According to a recent article in the Japan Times, Akira Banzai, who heads the Central Union of Agricultural Cooperatives, accused the government of being high-handed and deliberately only disclosing information that casts Japan’s potential entry into the TPP negotiations in a positive light. “Unless the government gives up on its plan to join the discussions, our fears will persist,” he said.

The Japan Association of Corporate Executives issued a statement the same day urging the government to participate in and advance high-level talks on free-trade agreements, including the TPP.

The renewed momentum among both those in favor of and against the TPP was triggered last week, when Tadashi Okamura, chairman of the Japan Chamber of Commerce and Industry, appealed to trade minister Yukio Edano for the government to arrive at a swift decision on Japan’s participation in the multilateral TPP discussions.
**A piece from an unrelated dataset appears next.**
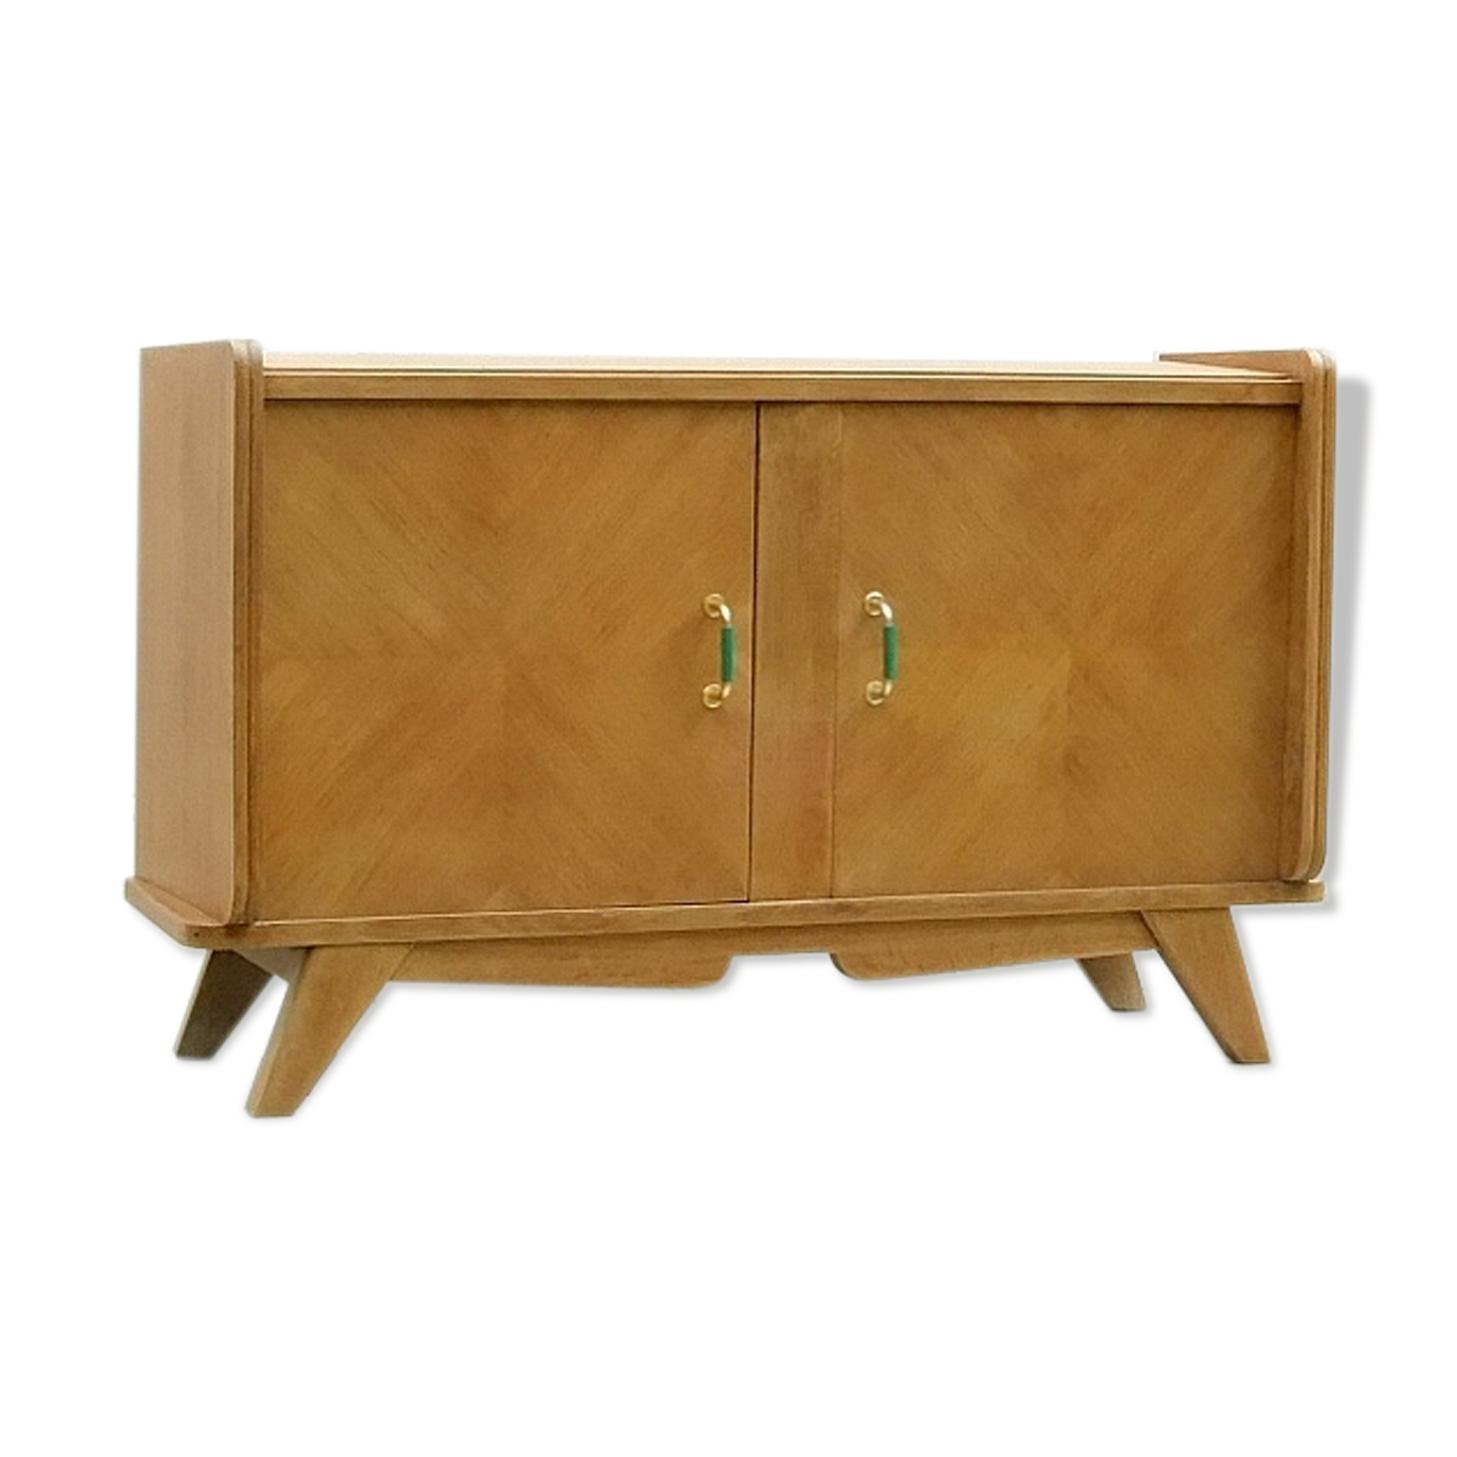 Buffet bas étroit meuble tv vintage bois pieds compas années 1950

You may remember that Edano was the chief liar communicating to the world that there was no meltdown concerns at Fukushima’s Daiichi nuclear facility. Since that time we have learned that there were already three meltdowns occurring, he was aware of this, but kept lying to the public. Expect Edano to continue in massive distortion when it comes to the TPP, Monsanto, and free trade.

Japan formally announced the nation’s interest in joining the TPP talks as of November 2012. Officials have since held a number of consultations with countries already involved in the negotiations to win their approval over Tokyo’s participation. Recently, those nations, including Canada, and the U.S. have officially invited Japan to become the 12th TPP nation.